Generate a useful text 'snippet' from the target table
Generate a useful text 'snippet' from the target table
Getting little snippets of information from a table goes hand-in-hand with mixing those bits of info with your table info. Call info_snippet() to define a snippet and how you'll get that from the target table. The snippet definition is supplied either with a formula, or, with a pointblank -supplied snip_*() function. So long as you know how to interact with a table and extract information, you can easily define snippets for a informant object. And once those snippets are defined, you can insert them into the info text as defined through the other info_*() functions (info_tabular(), info_columns(), and info_section()). Use curly braces with just the snippet_name inside (e.g., "This column has {n_cat} categories.").
info_snippet(x, snippet_name, fn)
Arguments
x: The pointblank informant object
obj:<ptblank_informant> // required
A pointblank informant object that is commonly created through the use of the create_informant() function.
snippet_name: The snippet name
scalar<character> // required
The name for snippet, which is used for interpolating the result of the snippet formula into info text defined by an info_*() function.
fn: Function for snippet text generation
<function> // required
A formula that obtains a snippet of data from the target table. It's best to use a leading dot (.) that stands for the table itself and use pipes to construct a series of operations to be performed on the table (e.g., ~ . %>% dplyr::pull(column_2) %>% max(na.rm = TRUE)). So long as the result is a length-1 vector, it'll likely be valid for insertion into some info text. Alternatively, a snip_*() function can be used here (these functions always return a formula that's suitable for all types of data sources).
Returns
A ptblank_informant object.
Snip functions provided in pointblank
For convenience, there are several snip_*() functions provided in the package that work on column data from the informant's target table. These are:
snip_list(): get a list of column categories
snip_stats(): get an inline statistical summary
snip_lowest(): get the lowest value from a column
snip_highest() : get the highest value from a column
As it's understood what the target table is, only the column in each of these functions is necessary for obtaining the resultant text.
YAML
A pointblank informant can be written to YAML with yaml_write() and the resulting YAML can be used to regenerate an informant (with yaml_read_informant()) or perform the 'incorporate' action using the target table (via yaml_informant_incorporate()). Snippets are stored in the YAML representation and here is is how they are expressed in both R code and in the YAML output (showing both the meta_snippets and columns keys to demonstrate their relationship here).
# R statement
informant %>%
info_columns(
columns = date_time,
`Latest Date` = "The latest date is {latest_date}."
) %>%
info_snippet(
snippet_name = "latest_date",
fn = ~ . %>% dplyr::pull(date) %>% max(na.rm = TRUE)
) %>%
incorporate()
# YAML representation
meta_snippets:
latest_date: ~. %>% dplyr::pull(date) %>% max(na.rm = TRUE)
...
columns:
date_time:
_type: POSIXct, POSIXt
Latest Date: The latest date is {latest_date}.
date:
_type: Date
item_count:
_type: integer
Examples
Take the small_table dataset included in pointblank and assign it to test_table. We'll modify it later.
test_table <- small_table
Generate an informant object, add two snippets with info_snippet(), add information with some other info_*() functions and then incorporate()

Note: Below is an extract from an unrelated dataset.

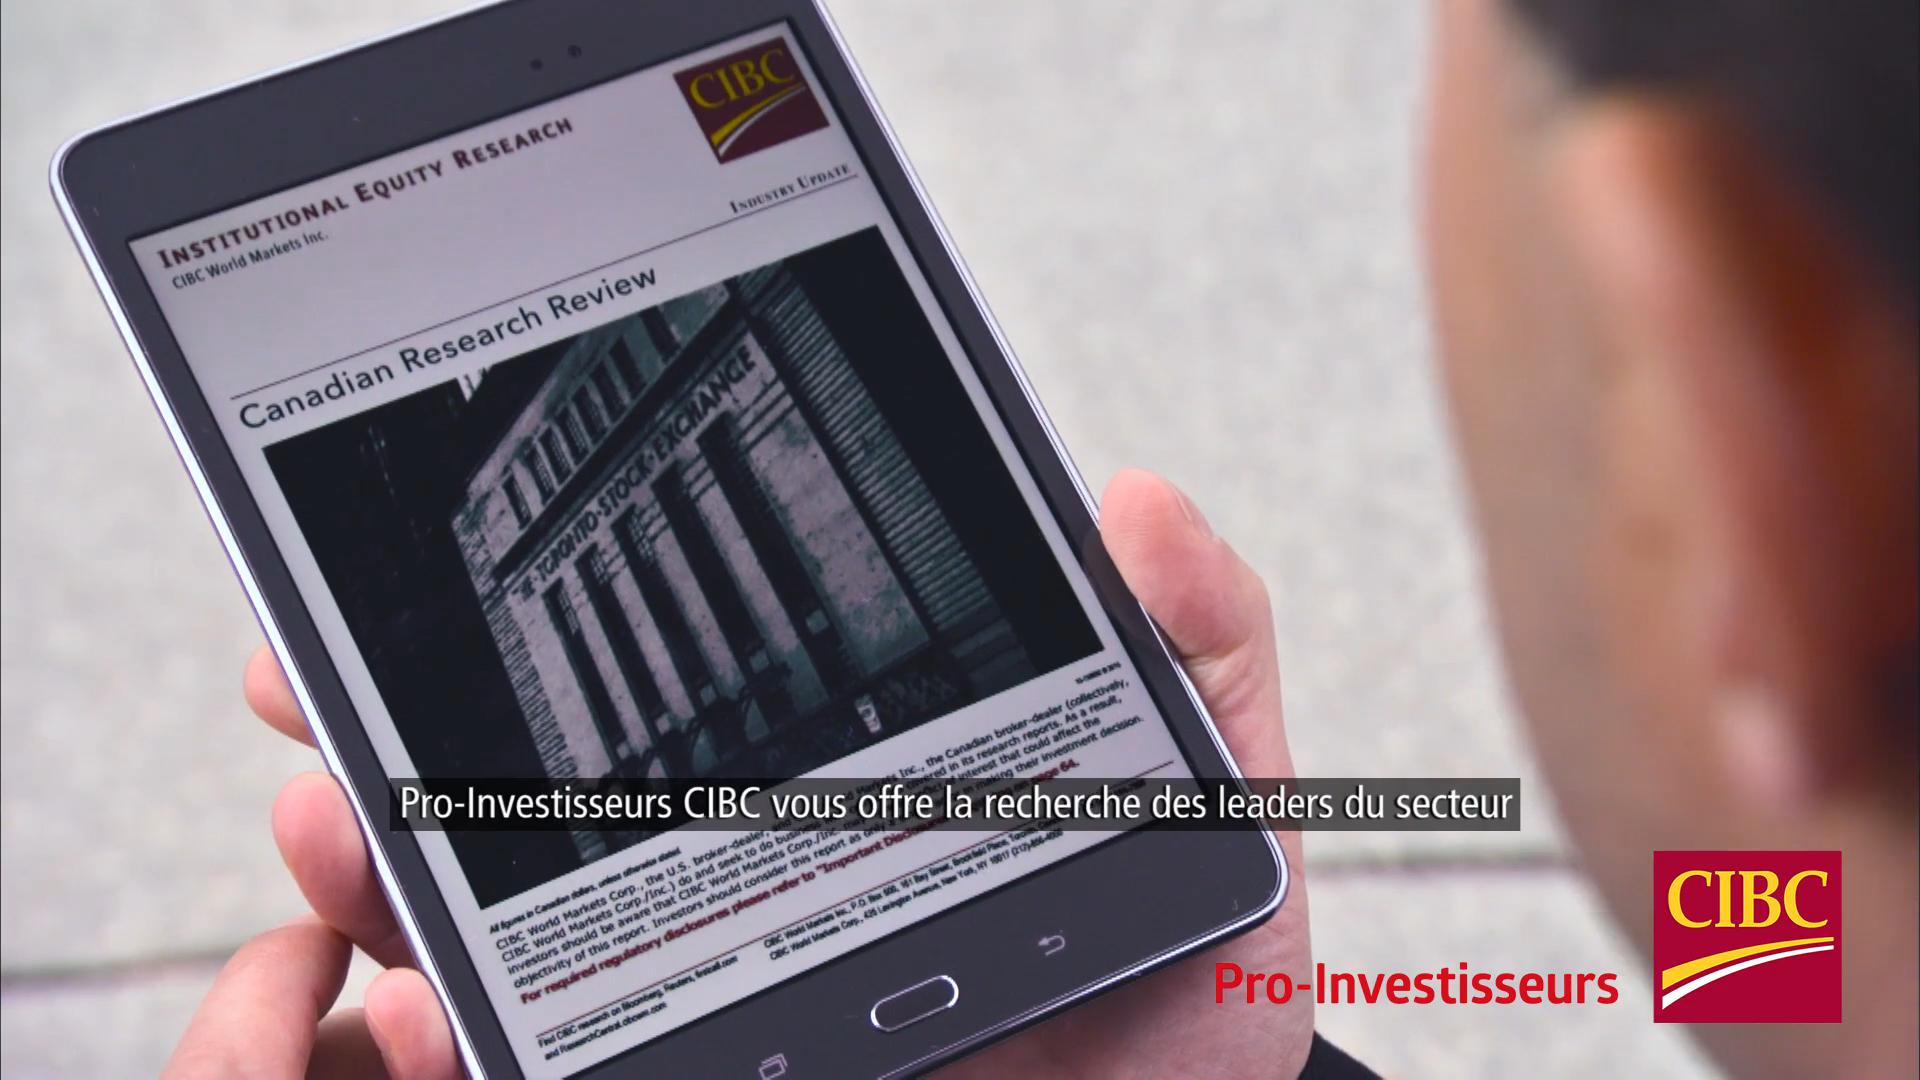 20931_FR_CIBC_Investors Edge_Episode 1 - Research_FINAL_Video ID-21092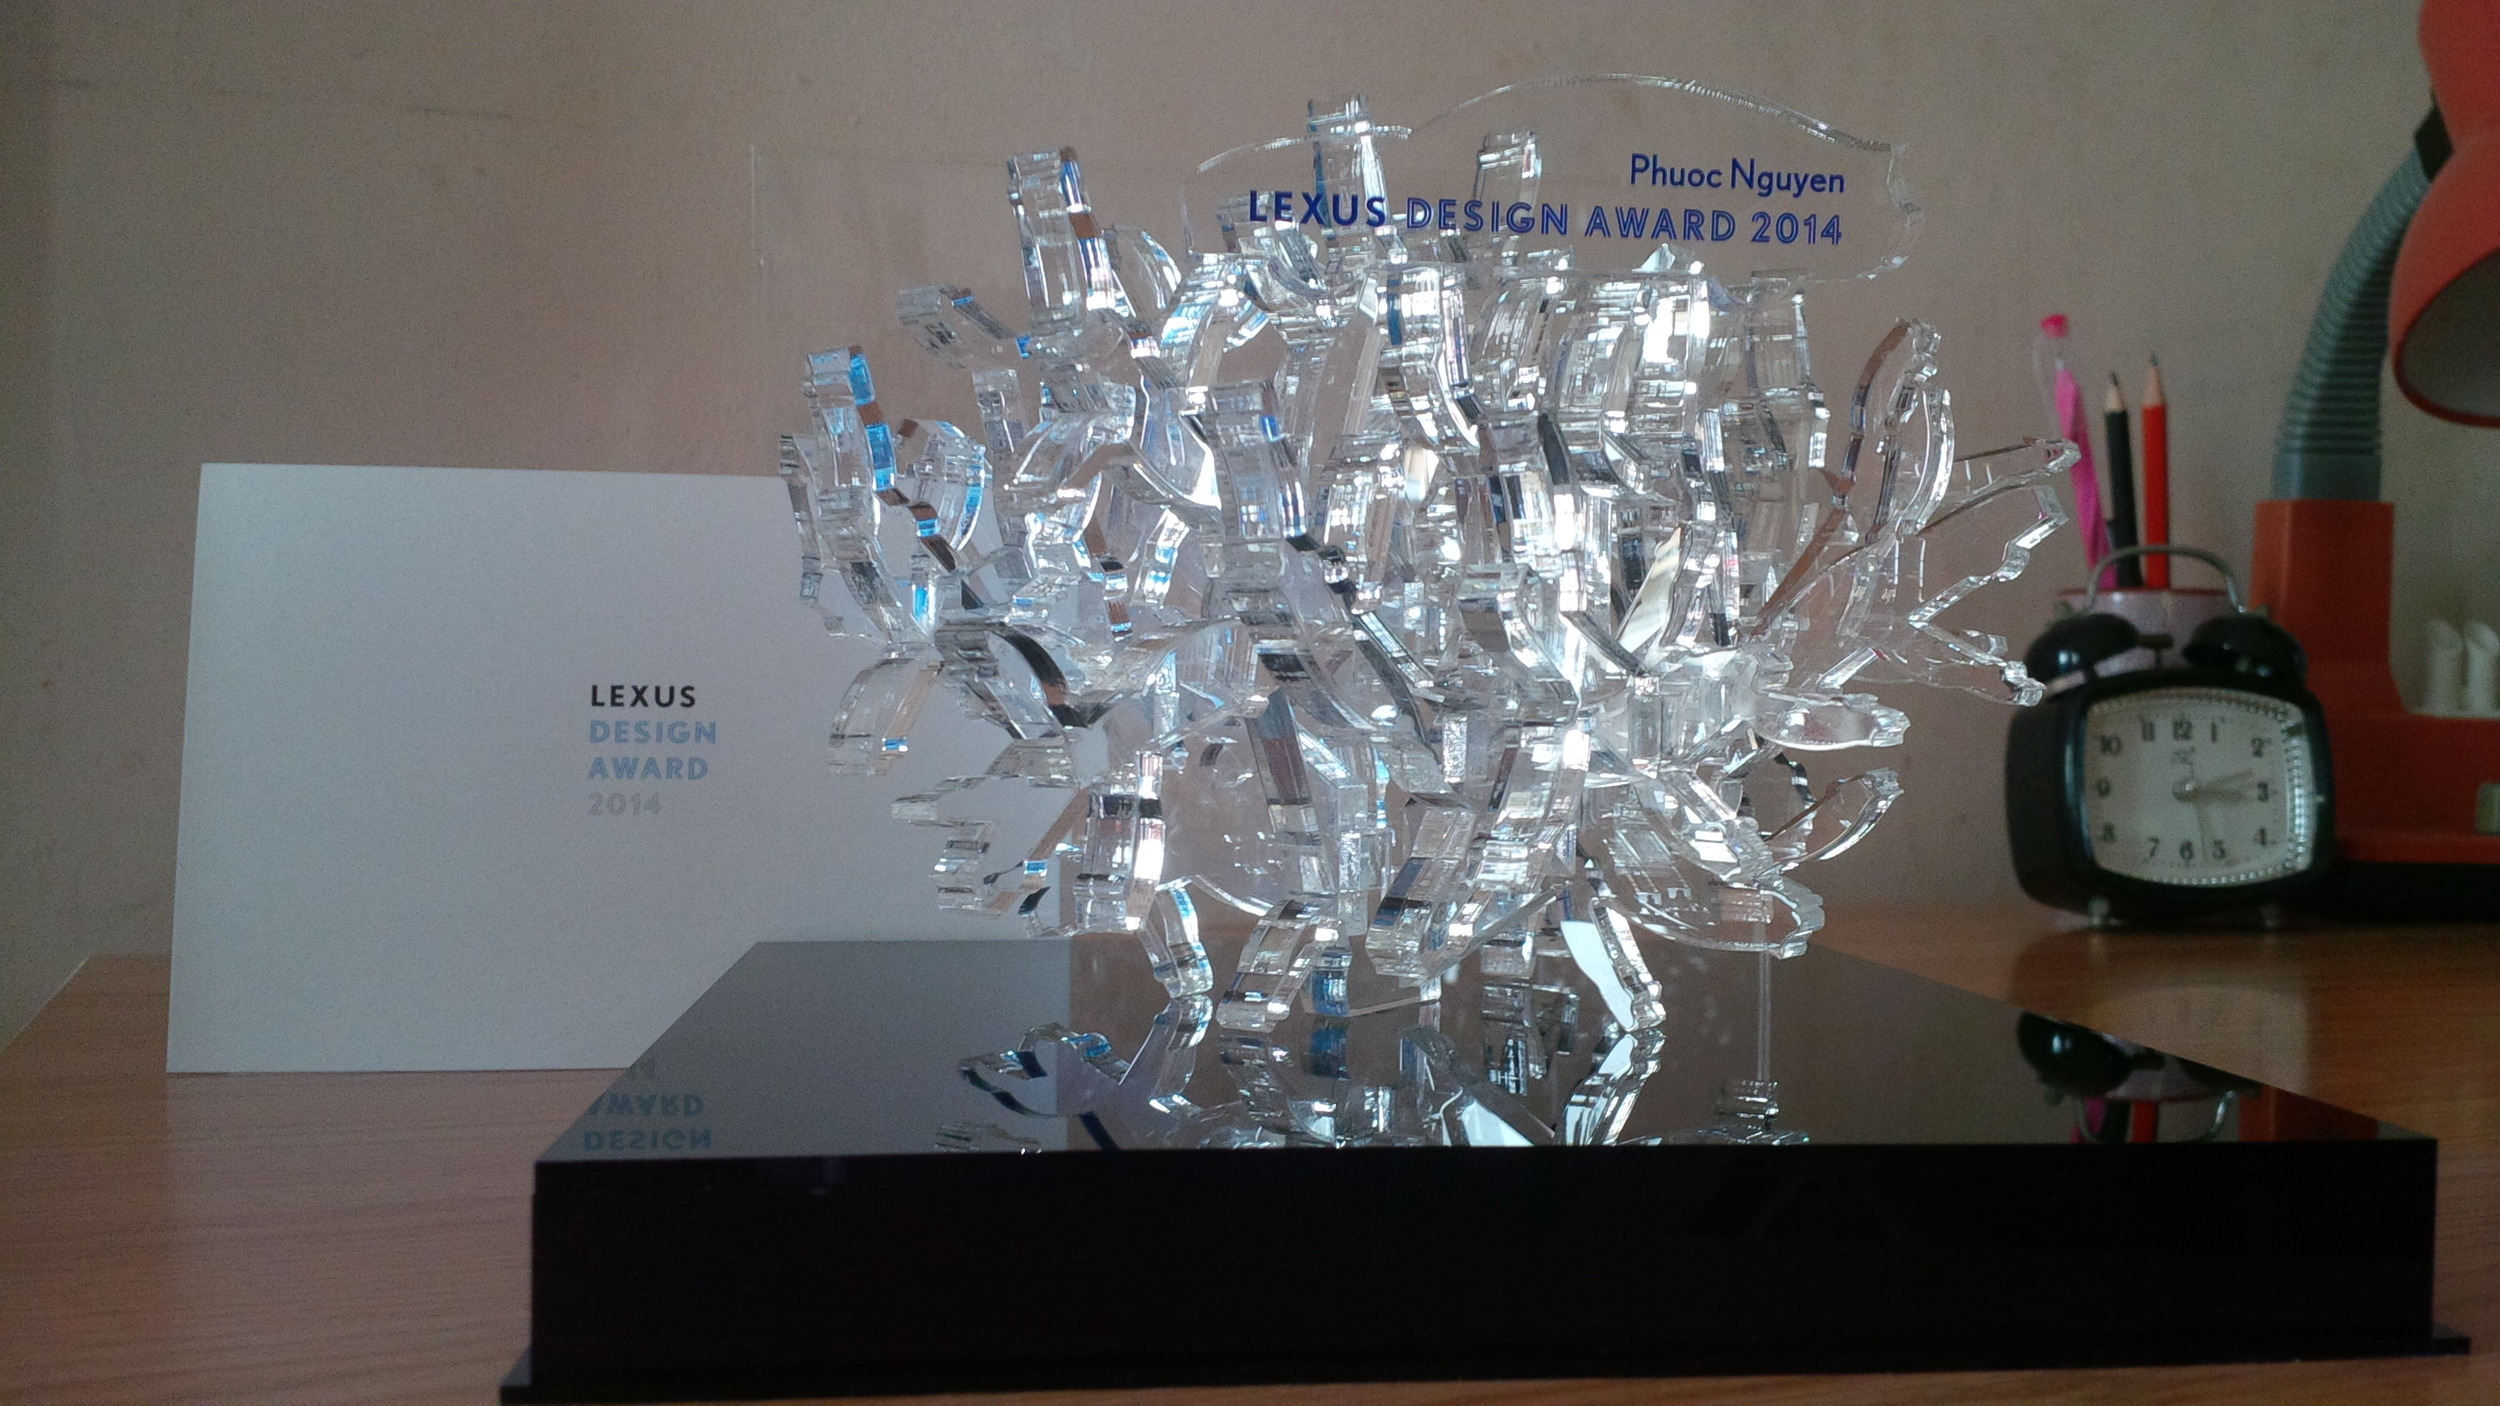 The trophy of Lexus Design Award 2014 (designed by Akihisa Hirata)

the snippets into the info text. The first snippet will be made with the expression ~ . %>% nrow() (giving us the number of rows in the dataset) and the second uses the snip_highest() function with column a (giving us the highest value in that column).
informant <-
create_informant(
tbl = ~ test_table,
tbl_name = "test_table",
label = "An example."
) %>%
info_snippet(
snippet_name = "row_count",
fn = ~ . %>% nrow()
) %>%
info_snippet(
snippet_name = "max_a",
fn = snip_highest(column = "a")
) %>%
info_columns(
columns = a,
info = "In the range of 1 to {max_a}. ((SIMPLE))"
) %>%
info_columns(
columns = starts_with("date"),
info = "Time-based values (e.g., `Sys.time()`)."
) %>%
info_columns(
columns = date,
info = "The date part of `date_time`. ((CALC))"
) %>%
info_section(
section_name = "rows",
row_count = "There are {row_count} rows available."
) %>%
incorporate()
We can print the informant object to see the information report.
informant
Let's modify test_table with some dplyr to give it more rows and an
extra column.
test_table <-
dplyr::bind_rows(test_table, test_table) %>%
dplyr::mutate(h = a + c)
Using incorporate() on the informant object will cause the snippets to be
reprocessed, and, the info text to be updated.